Enquanto a capital paraense atinge quase 30% de acessos na nova rede, agronegócio no interior investe em infraestrutura própria e profissionais de imagem ainda dependem de conexões cabeadas para garantir estabilidade

Gabriel da Mota

A promessa de uma revolução tecnológica com a chegada do 5G ao Pará vive um cenário de contrastes entre a capital e o interior. Em Belém, a expansão da rede — impulsionada por investimentos voltados para a COP 30 — já coloca a tecnologia em 29% dos acessos móveis, superando a média nacional de 21,5%. No entanto, para setores de alto desempenho, como o agronegócio em Ulianópolis e a operação profissional de drones na capital, a conectividade de quinta geração ainda esbarra em custos de implantação e na instabilidade de sinal em áreas de grande aglomeração. Na prática, a indústria 4.0 paraense tem sido construída com uma lógica híbrida, onde o 4G, a fibra óptica e a internet via satélite ainda são os pilares da produtividade. 
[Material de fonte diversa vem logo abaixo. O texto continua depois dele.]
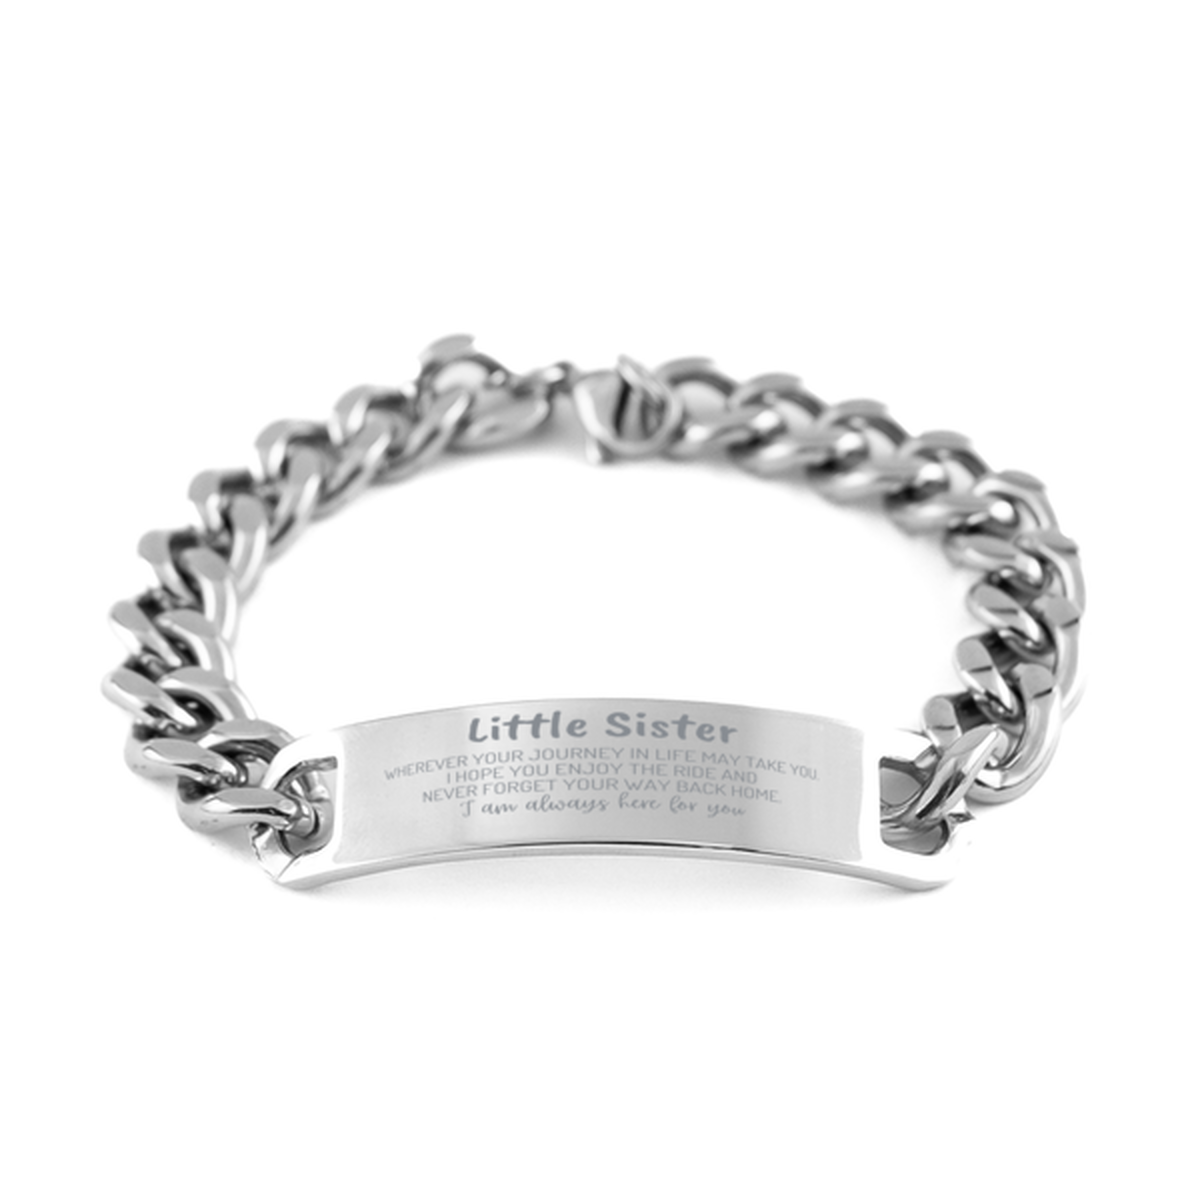 Little Sister wherever your journey in life may take you, I am always here for you Little Sister Cuban Chain Stainless Steel Bracelet, Awesome Christmas Gifts For Little Sister, Little Sister Birthday Gifts for Men Women Family Loved One
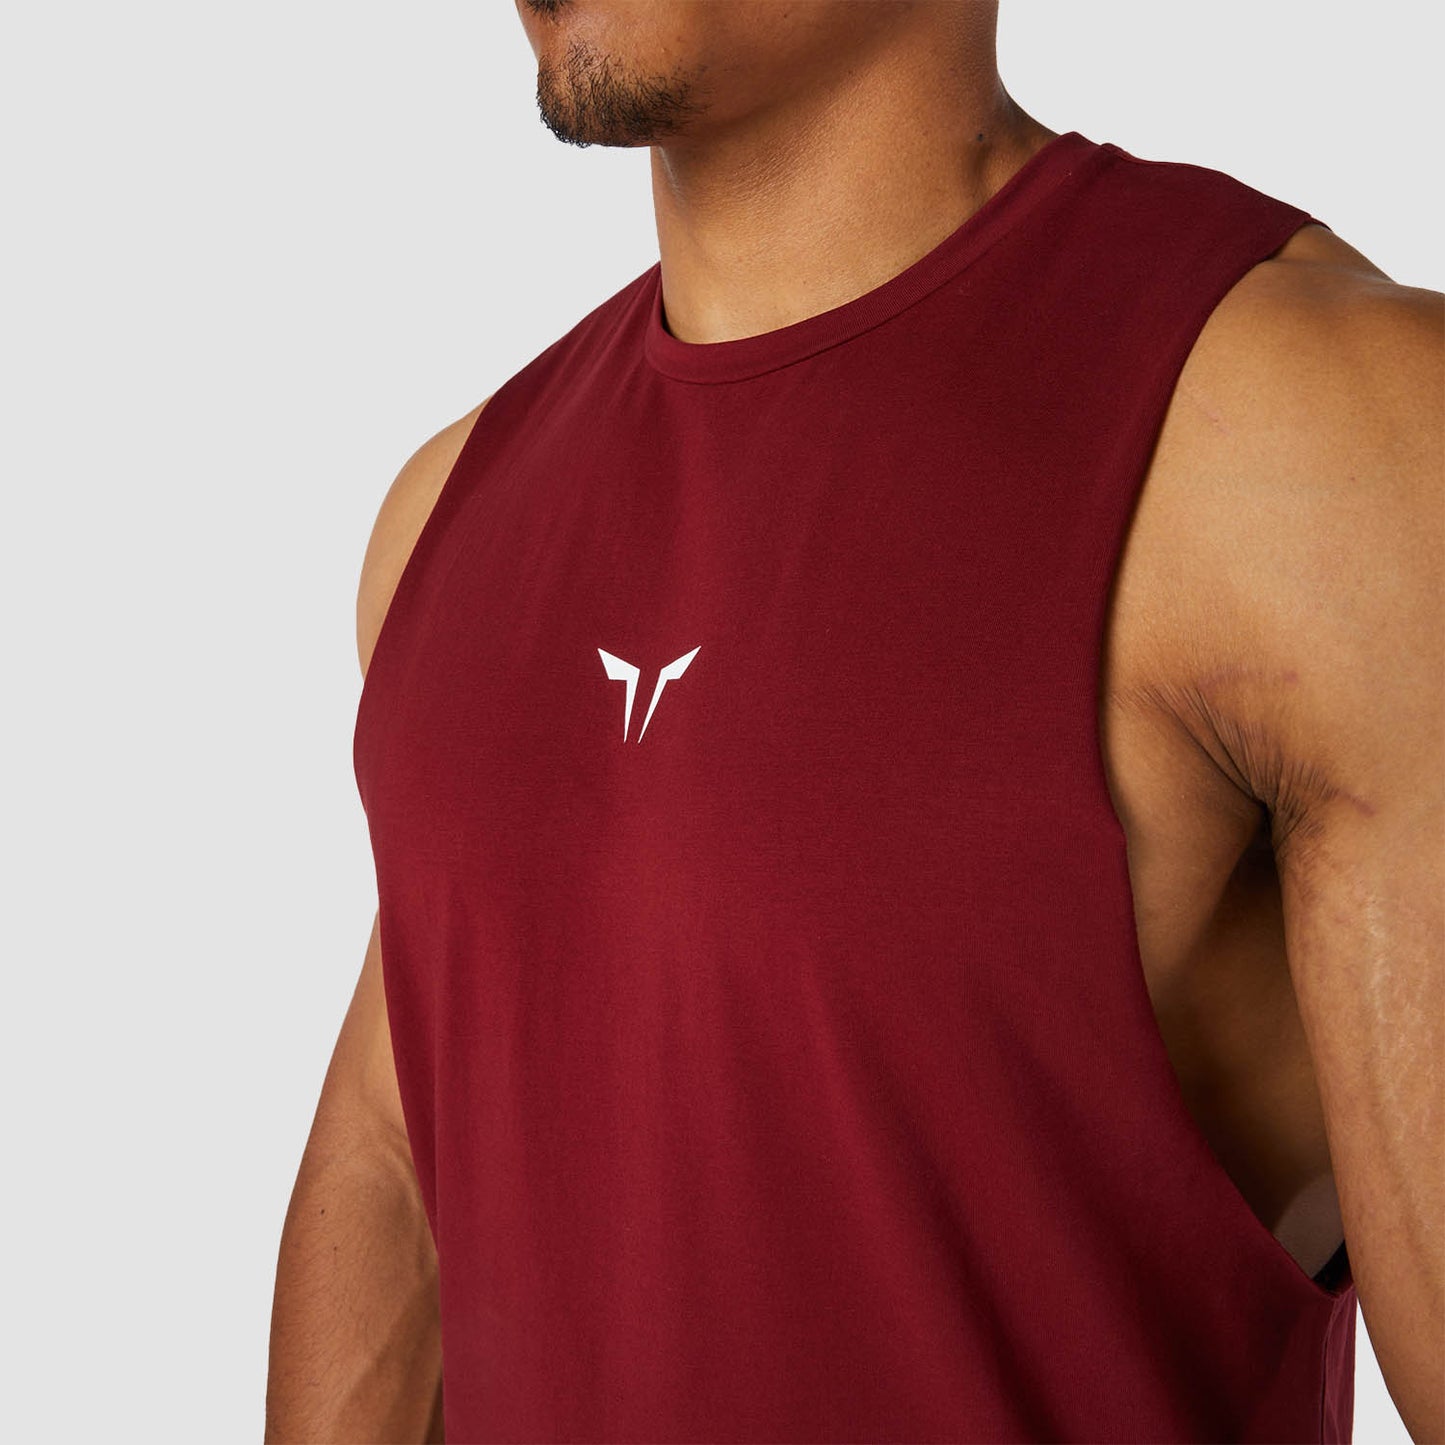 squatwolf-gym-wear-core-tank-red-workout-tank-tops-for-men

No sudeste paraense, a Pagrisa, uma das principais indústrias sucroalcooleiras do estado, opera com uma estrutura de conectividade robusta, mas que dispensa o 5G em larga escala. A empresa utiliza uma combinação de tecnologias para monitorar 100% de sua operação agrícola em tempo real em Ulianópolis. 

"Atualmente, a empresa utiliza praticamente todas as formas disponíveis de transmissão de dados no campo, com exceção do 5G. Apesar de amplamente divulgado como vetor da agricultura digital, o 5G ainda apresenta limitações importantes para áreas agrícolas extensas. A tecnologia exige uma alta densidade de antenas, com torres próximas entre si, o que eleva significativamente o custo de implantação e dificulta sua viabilidade econômica no campo", explica a empresa em nota.

Para contornar a falta de redes públicas abrangentes no interior, a companhia investiu em uma parceria privada com a operadora TIM, instalando cinco torres próprias na frequência de 700 MHz. Essa rede cobre 80% da área produtiva com tecnologia 4G, sendo complementada por satélite e rádio para o controle de sistemas de irrigação. Segundo a agroindústria, a evolução tecnológica no campo tem priorizado a autonomia local das máquinas, equipadas com inteligência embarcada e sensores que não dependem de conexão externa constante para operar com precisão.

Belém concentra quase 30% dos acessos móveis em tecnologia 5G

Os dados mais recentes da Agência Nacional de Telecomunicações (Anatel) mostram que Belém recebeu um reforço significativo em infraestrutura. Para a conferência internacional do clima, foram instalados 40 novos pontos de antenas, todos na tecnologia 5G Standalone (SA), o padrão mais puro e veloz da categoria. Em dezembro de 2025, a capital registrou mais de 1,6 milhão de acessos móveis, sendo que o crescimento de dispositivos de Internet das Coisas (IoT) — como sensores e câmeras inteligentes — saltou 46,5% em apenas um ano. 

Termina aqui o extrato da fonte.